Diagnosis of Respiratory Syncytial Virus (RSV)
Rapid Antigen Detection Tests
Rapid Antigen Detection Tests (RADTs) are popular for RSV testing due to their ease of use, quick results, and acceptable sensitivity and specificity. However, they may occasionally yield false-negative results, necessitating consideration of more sensitive methods like PCR in such cases.
Direct Fluorescent Antibody
Direct Fluorescent Antibody (DFA) testing is reliable for diagnosing RSV in infants and young children but shows lower sensitivity in adults due to reduced viral shedding compared to younger individuals.
Polymerase Chain Reaction
Polymerase Chain Reaction (PCR) is highly sensitive and specific for detecting RSV in nasopharyngeal swabs and aspirates. It is particularly beneficial for older children and adults, and it is preferred for hospitalized and immunocompromised patients. However, PCR can be more costly than DFA and may have a longer turnaround time in certain laboratory settings.
Viral Culture
Viral Culture, while not recommended for initial clinical management due to its slow turnaround time (about 3-5 days) and lower sensitivity, remains important for detecting coinfections. It offers high specificity, and isolated virus can be preserved for further diagnostic studies.
Other laboratory tests used to diagnose RSV complications include:
- Blood tests to examine white cell counts or detect viruses, bacteria, and other pathogens.
- Chest X-rays to assess lung inflammation.
- Pulse oximetry, a painless method using a skin monitor, to detect lower-than-normal oxygen levels in the blood.
Treatment of RSV
Mild RSV infections typically do not require specific treatment, and antibiotics or bronchodilators are not used.
Supportive treatment
- Acetaminophen (such as Tylenol) may be given to reduce fever. Aspirin should never be administered to children.
- Nasal saline drops and suctioning can help clear a stuffy nose.
- Antibiotics may be prescribed if a bacterial infection, like bacterial pneumonia, is suspected.
- It's important to ensure adequate fluid intake to prevent dehydration. Signs of dehydration include dry mouth, decreased urine output, sunken eyes, and extreme fussiness or sleepiness.
Hospital treatment
For further complications, treatments at the hospital may include:
- Intravenous (IV) fluids may be administered.

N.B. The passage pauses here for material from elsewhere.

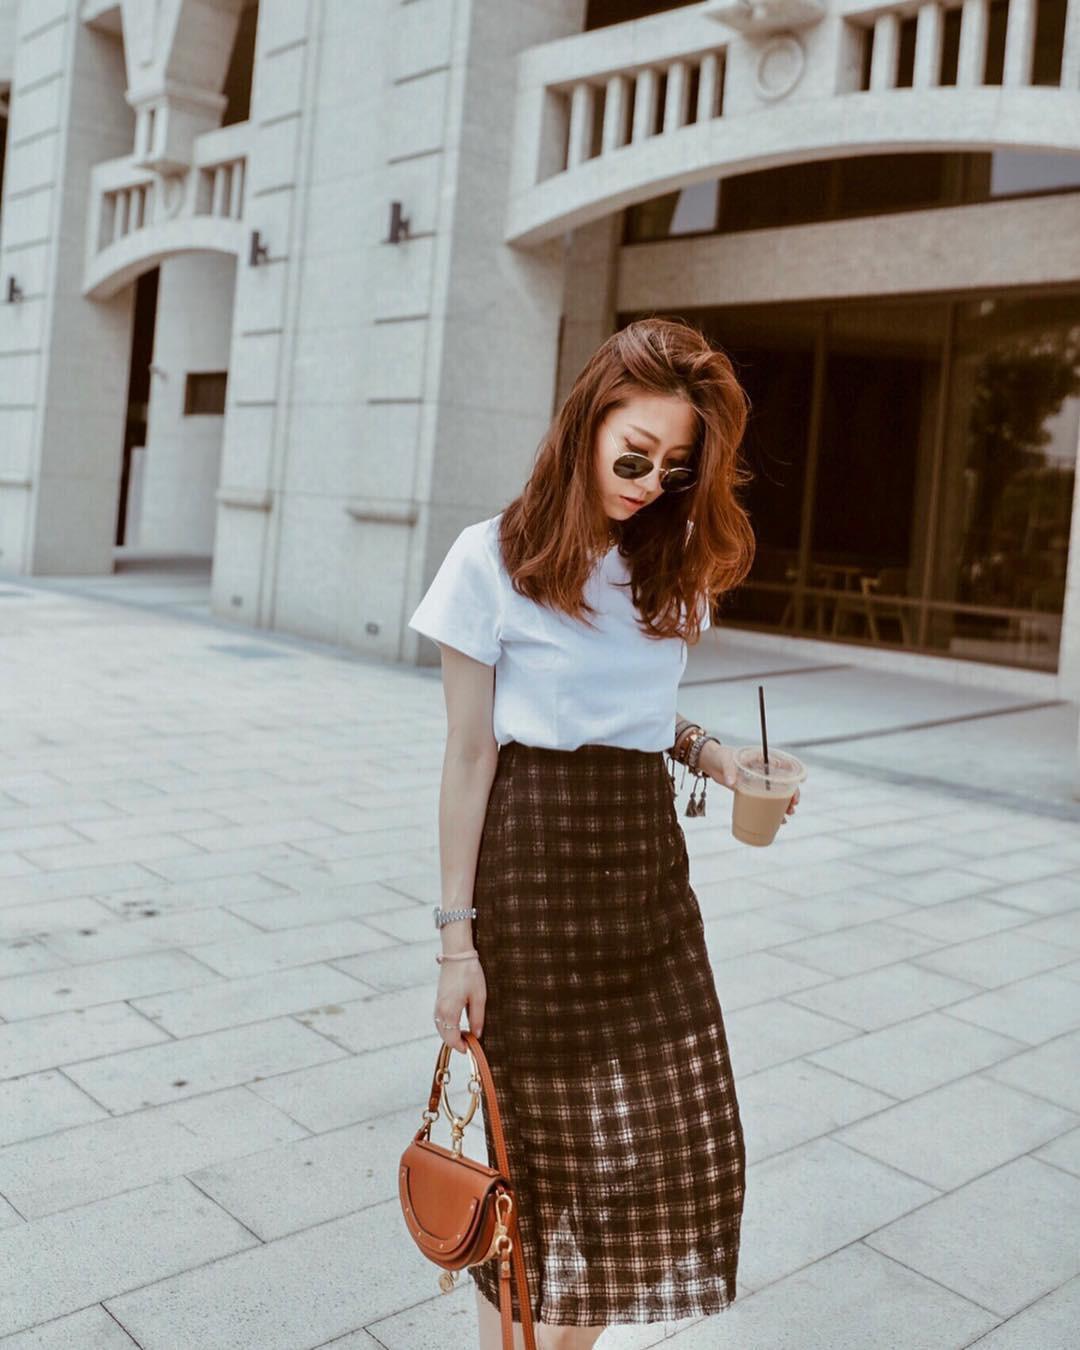 6 items thời trang các quý cô ngoài 30 tuổi cần có để thật xinh đẹp và cuốn hút trong mọi hoàn cảnh - Ảnh 3.

- Humidified oxygen might be provided.
- In severe cases, a breathing machine (mechanical ventilation) may be necessary.
Currently, there are no licensed vaccines for RSV infections, but several vaccine candidates are undergoing clinical trials to assess their safety and effectiveness. However, palivizumab can be administered to infants and young children at high risk for severe disease.
Prevention and Control of RSV
RSV is highly contagious, so it's crucial to implement effective preventive measures to limit its spread. Here are some key interventions:
- Avoid close contact with individuals known to be infected with RSV.
- Avoid sharing cups, bottles, towels, toys, utensils, and other items that may be contaminated with the virus.
- Wash hands thoroughly with soap and water after contact with an infected person.
- Cover the mouth when sneezing or coughing using a tissue or the upper sleeve, rather than the hand.
- Individuals experiencing flu-like symptoms should avoid contact with high-risk groups for severe RSV complications. This includes premature infants, children under 2 years old, those with chronic lung or heart conditions, and individuals with weakened immune systems.
- Educate parents, caregivers, and healthcare providers about RSV risks, transmission methods, preventive actions, and associated factors.
- Passive immunizations like RSV-IGIV and palivizumab have been developed for RSV infections. However, RSV-IGIV, a polyclonal immunoglobulin product derived from pooled blood donors, is no longer available.